HOW TO COMPLETE THIS TASK: Using the data below, return word for word every line from the one holding "Sara Carbonero e" down to the one holding "zdjęcie przedstawia fontannę". Leave pictures out.

RECORD EXCERPTS:
-----
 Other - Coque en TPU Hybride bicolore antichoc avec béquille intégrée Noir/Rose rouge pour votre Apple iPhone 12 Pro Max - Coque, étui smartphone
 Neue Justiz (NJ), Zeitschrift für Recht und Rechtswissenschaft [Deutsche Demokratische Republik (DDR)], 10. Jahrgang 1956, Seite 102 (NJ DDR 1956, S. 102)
-----
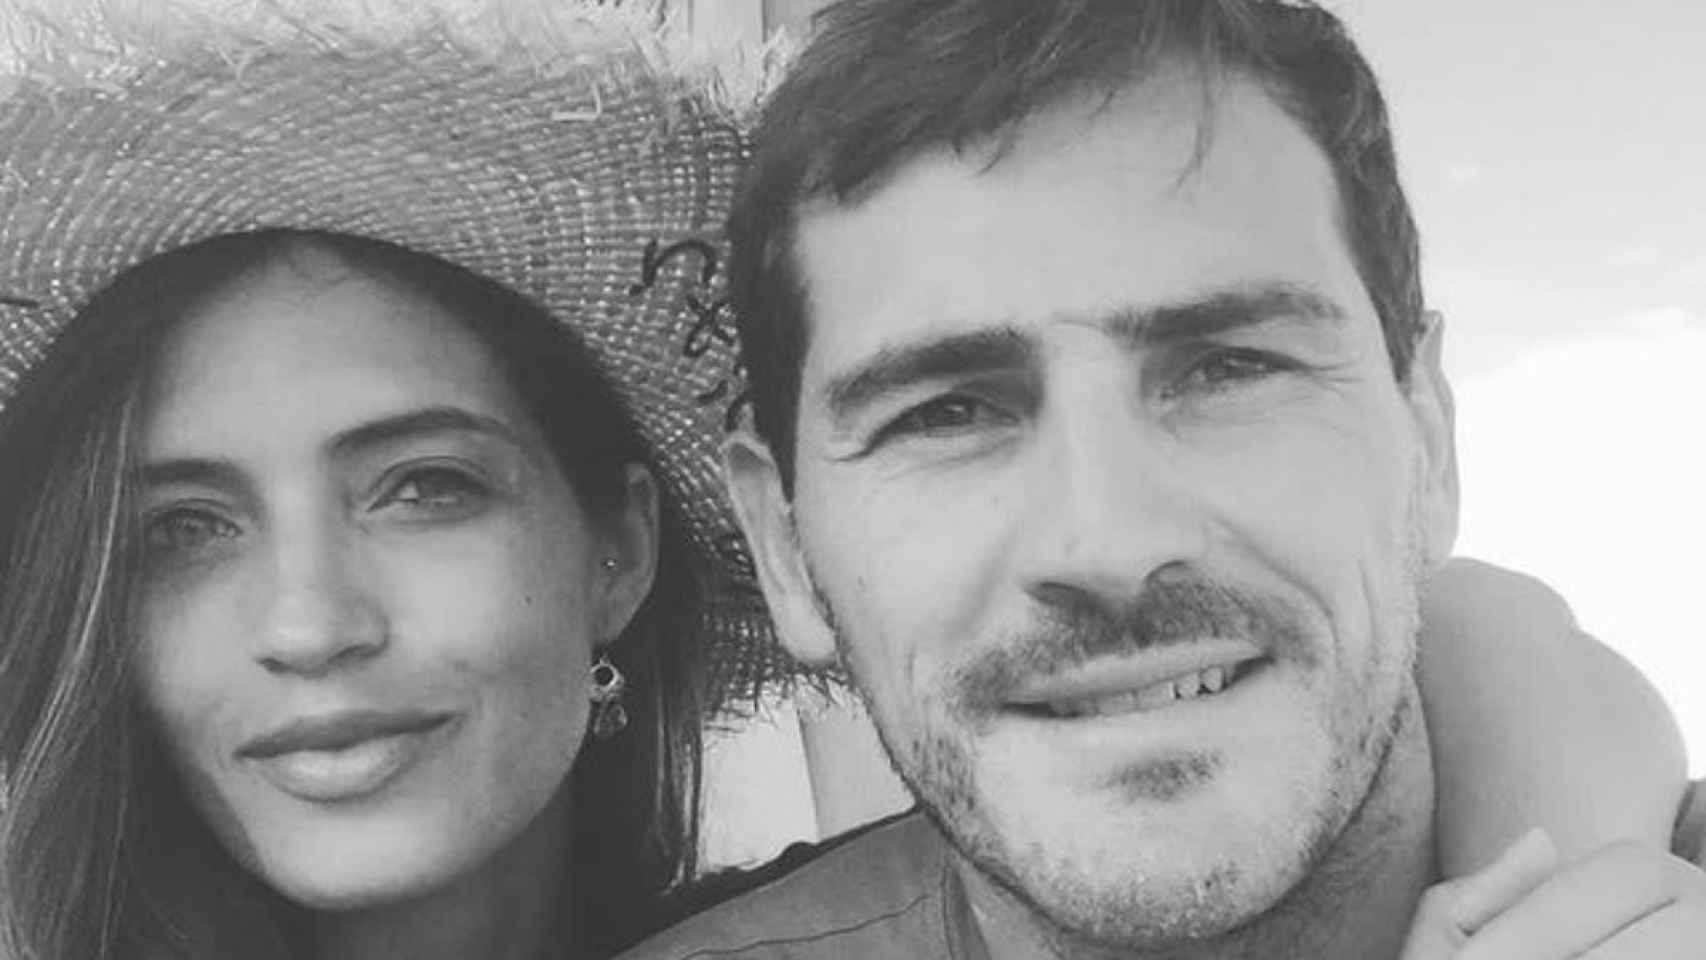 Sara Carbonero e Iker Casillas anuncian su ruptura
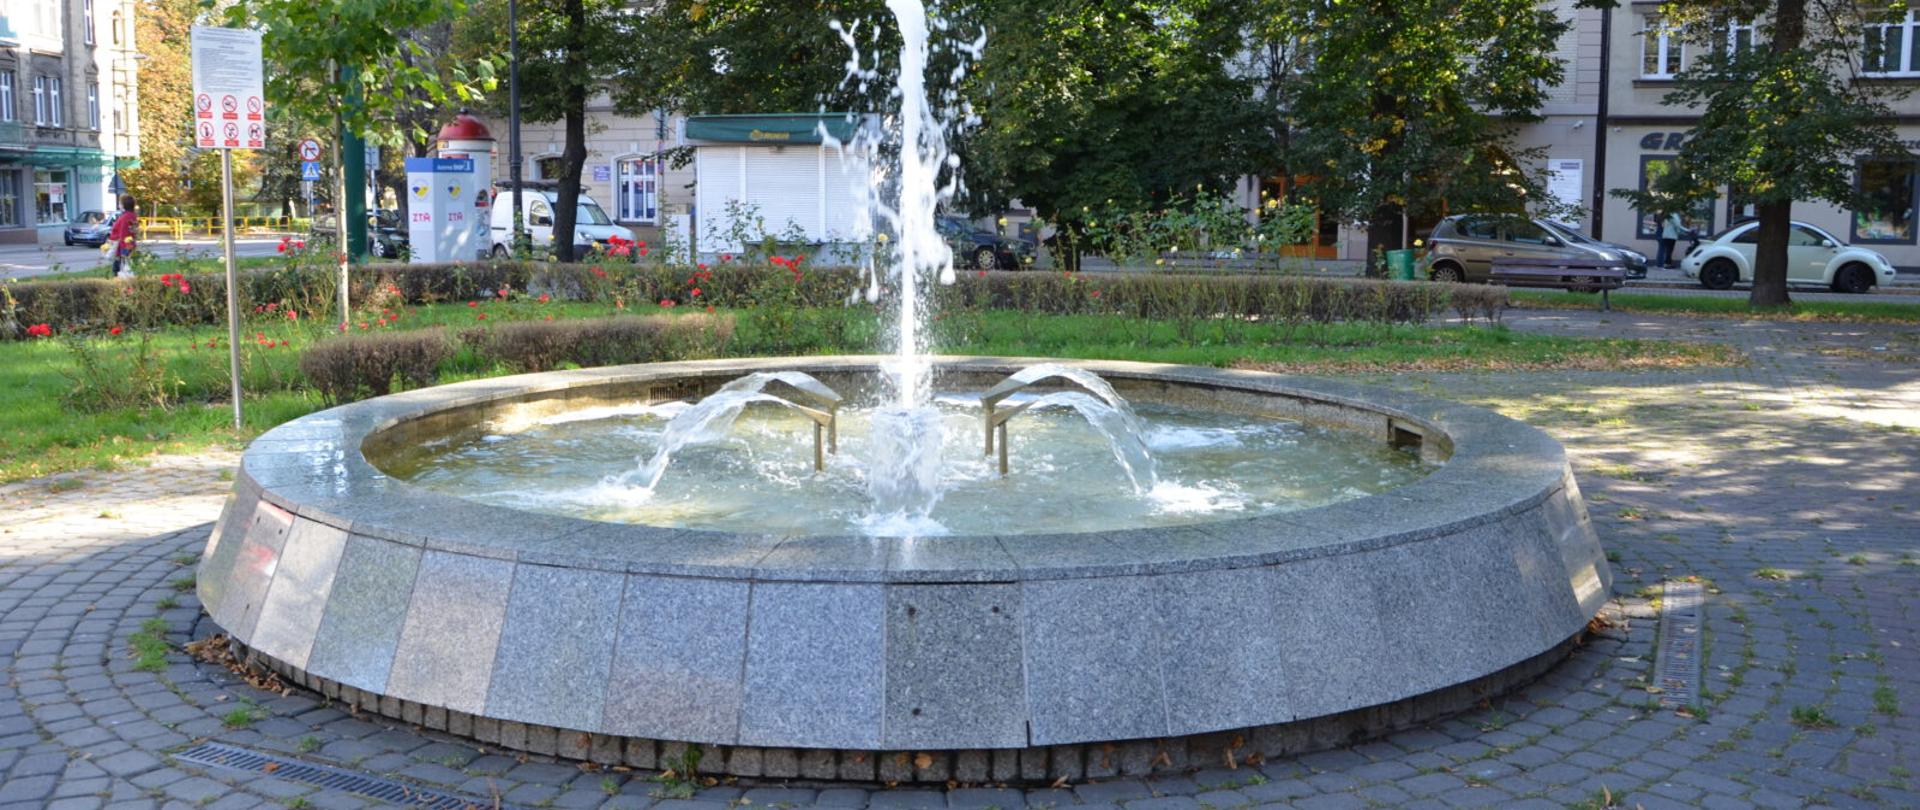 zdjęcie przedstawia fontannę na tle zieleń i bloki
-----
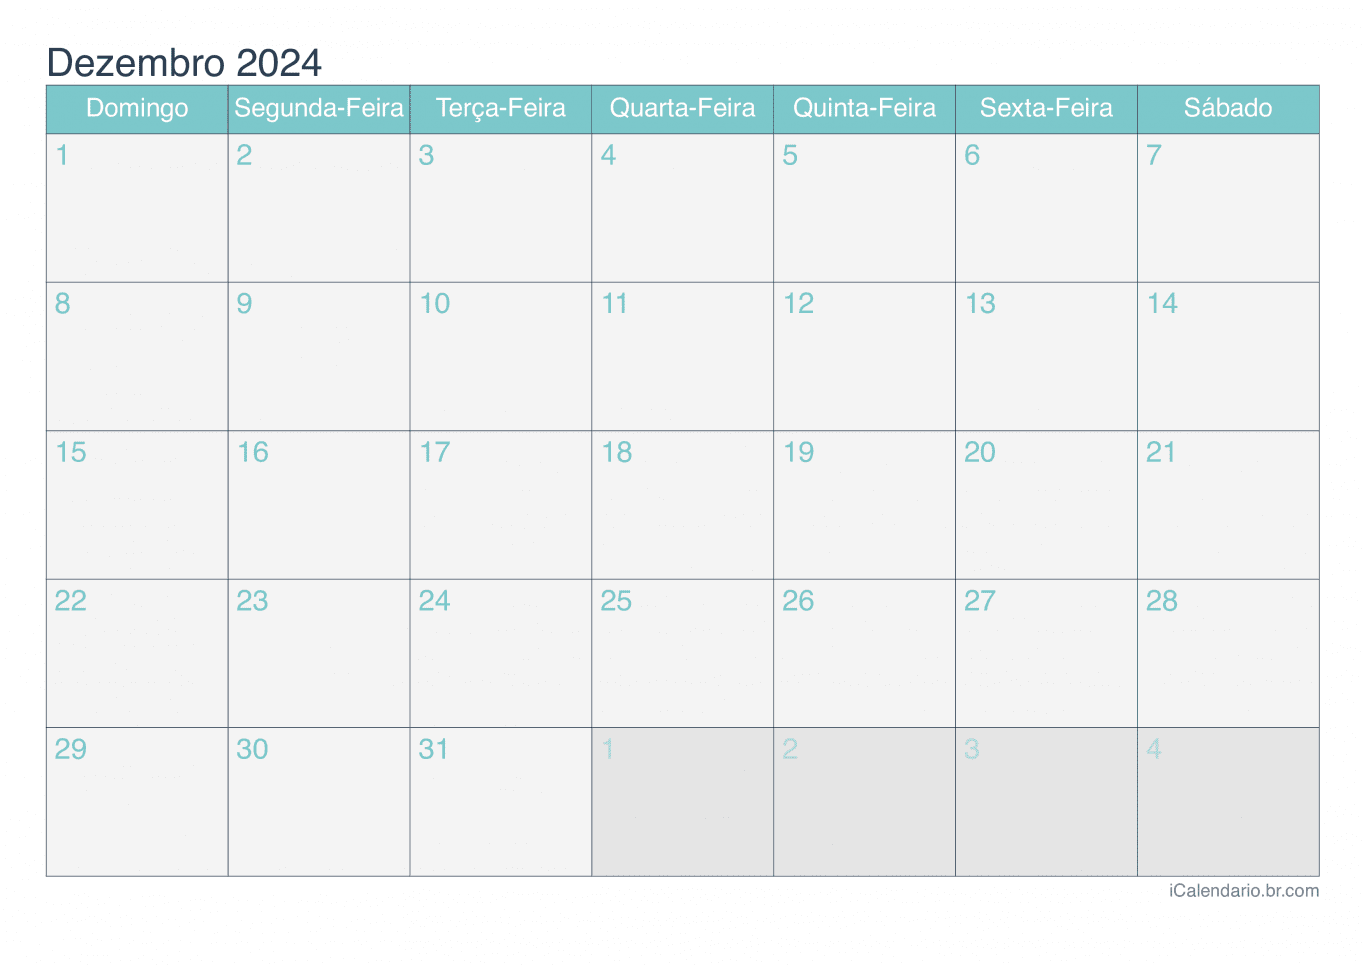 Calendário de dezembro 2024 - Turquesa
-----
YOUR RESPONSE:
 Sara Carbonero e Iker Casillas anuncian su ruptura
 zdjęcie przedstawia fontannę na tle zieleń i bloki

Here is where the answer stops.